Incisional hernia prevention

1. Well-designed cutout
To avoid the occurrence of incisional hernia, the clinician should carefully design the incision according to the purpose of treatment, and use as few transabdominal and pararectus incisions as possible, and replace them with transverse incisions, median incisions, and paramedian incisions.
2. Improve healing ability
Strengthening nutritional support for patients, correcting anemia and hypoproteinemia, supplementing vitamin C, K, etc., improving the general condition of patients and improving healing ability
3. Actively treat comorbidities or complications
Diabetes, coagulopathy, respiratory dysfunction, liver dysfunction, kidney dysfunction and other complications or complications affecting tissue healing should be actively treated. Elective surgery must be performed after the above conditions have been corrected or controlled.

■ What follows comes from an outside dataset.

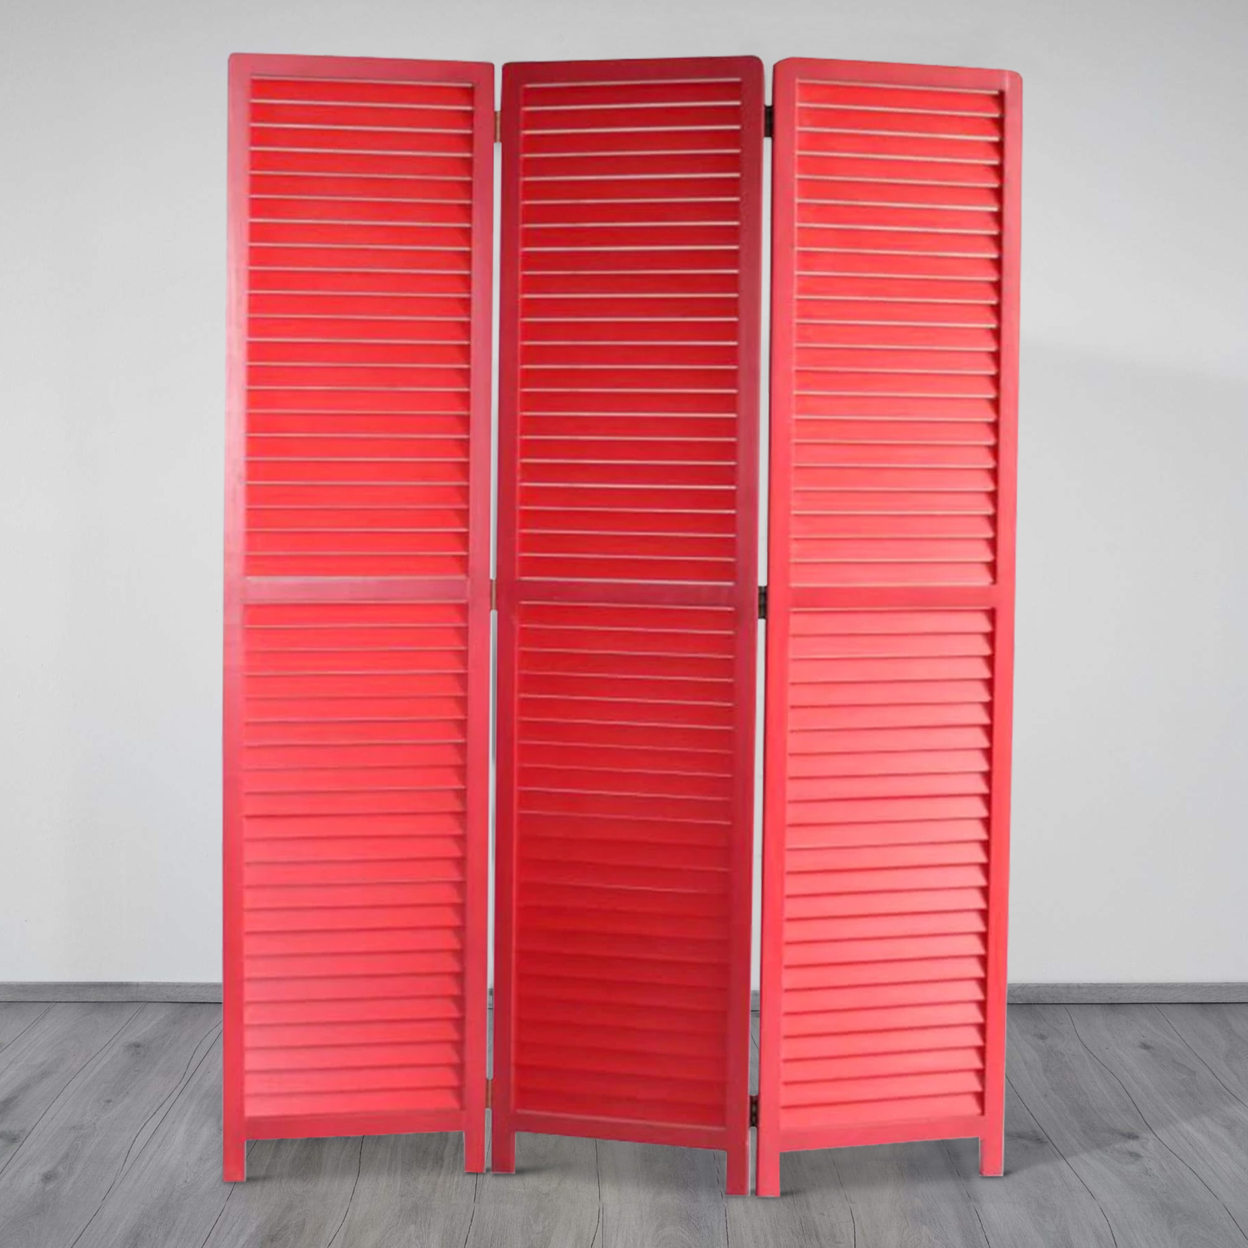 Transitional Wooden Screen With 3 Panels And Shutter Design, Red- Saltoro Sherpi
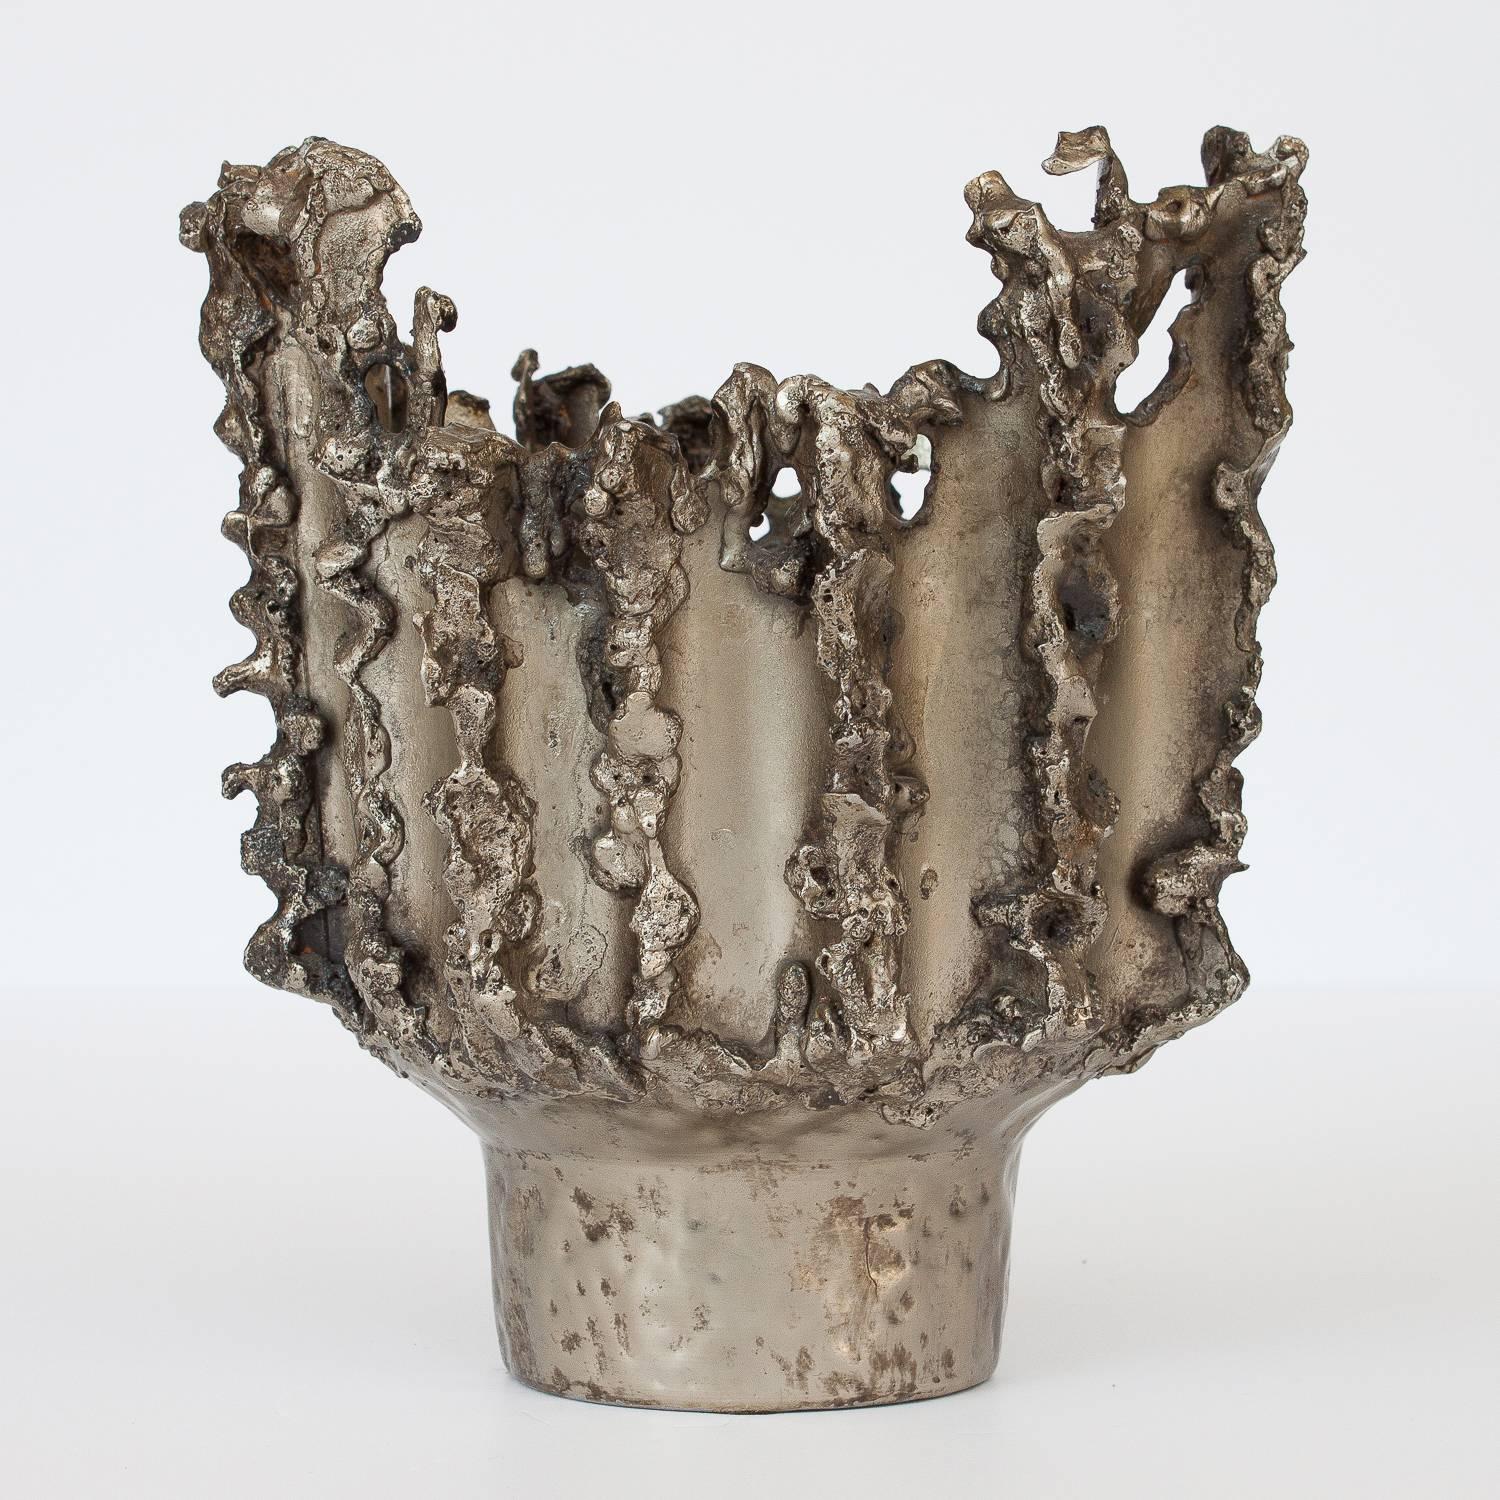 Outstanding Brutalist metal vase by Marcello Fantoni. Torch cut and welded design. Stamped on bottom with

4. Actively deal with factors that cause increased abdominal pressure
Before the operation, actively treat diseases that increase intra-abdominal pressure such as pulmonary infection, chronic obstructive pulmonary disease, a large amount of peritoneal effusion, constipation or dysuria, and prevent and deal with abdominal distension, vomiting, hiccup, cough, sneezing, etc. caused by surgery Factors of increased internal pressure while using an abdominal band.
5. Prevent incision infection
Actively treat patients' skin, nasopharyngeal gastrointestinal infections before surgery. Shaving in the operation area may damage the skin or cause tiny skin wounds. Instead of shaving, the method of cutting or depilation should be used, and the time from skin preparation to surgery should be shortened as much as possible.